Although Angelman syndrome is life-changing, it does not need to be life-destroying. Those with the syndrome are generally happy and contented people, who like human contact and play. People with AS exhibit a profound desire for personal interaction with others. Communication can be difficult at first, but as a child with AS develops, there is a definite character and ability to make themselves understood. It is widely accepted that their understanding of communication directed to them is much larger than their ability to return conversation. Most afflicted people will not develop more than 5-10 words, if any at all.

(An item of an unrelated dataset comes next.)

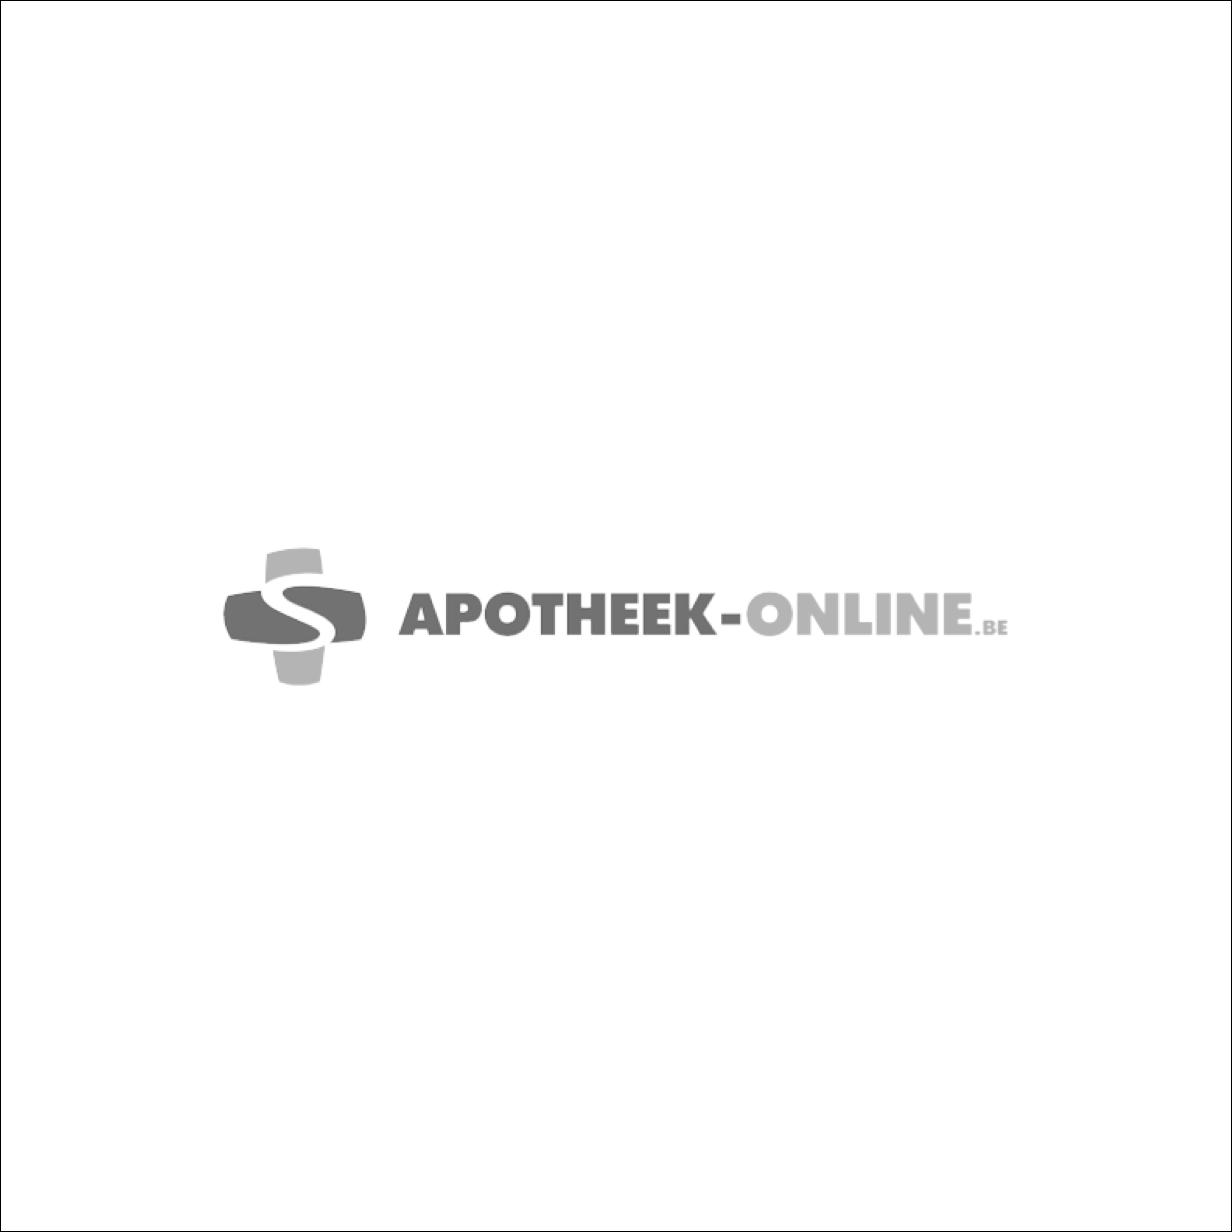 MEDIPORE 3M VERB ELAST ADH ROL 10CMX10M 2991/2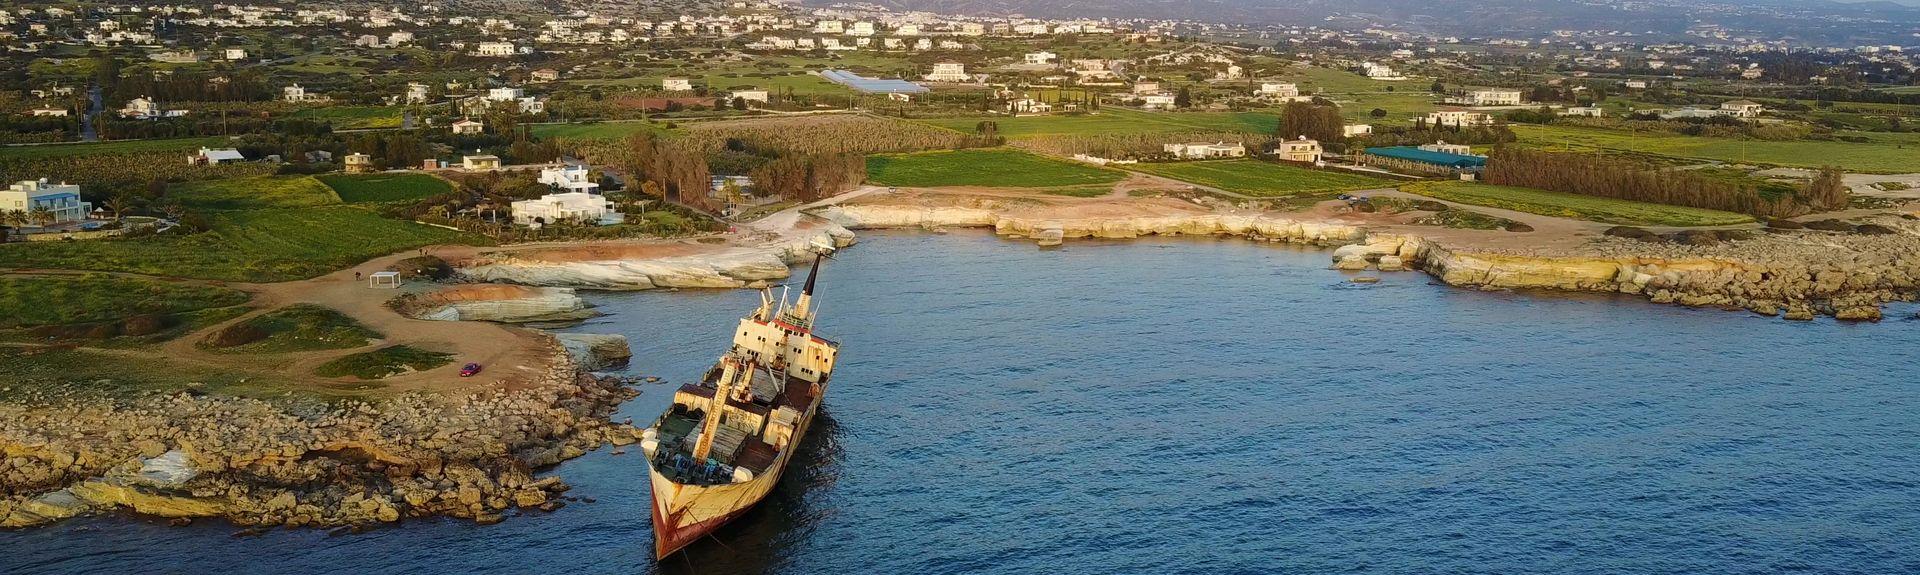 Pegeia, Bezirk Paphos, Zypern

Seizures are a consequence, but so is excessive laughter, which is a major hindrance to early diagnosis.

Actor Colin Farrell, author Ian Rankin, professional baseball player Dave Henderson, and professional hockey player Peter McDuffe have sons with AS.

Prognosis

The severity of the symptoms associated with Angelman Syndrome varies significantly across the population of those affected. Some speech and a greater degree of self-care are possible among the least profoundly affected. Unfortunately, walking and the use of simple sign language may be beyond the reach of the more profoundly affected. Early and continued participation in physical, occupational (related to the development of fine-motor control skills), and communication (speech) therapies are believed to improve significantly the prognosis (in the areas of cognition and communication) of individuals affected by AS. Further, the specific genetic mechanism underlying the condition is thought to correlate to the general prognosis of the affected person. On one end of the spectrum, a mutation to late to the least affected, whereas larger deletions on chromosome 15 are thought to correspond to the most affected.

The clinical features of Angelman syndrome alter with age. As adulthood approaches, hyperactivity and poor sleep patterns improve. The seizures decrease in frequency and often cease altogether and the EEG abnormalities are less obvious. Medication is typically advisable to those with seizure disorders. Often overlooked is the contribution of the poor sleep patterns to the frequency and/or severity of the seizures. Medication may be worthwhile in order to help deal with this issue and improve the prognosis with respect to seizures and sleep. Also noteworthy are the reports that the frequency and severity of seizures temporarily escalate in pubescent Angelman Syndrome girls but do not seem to affect long-term health.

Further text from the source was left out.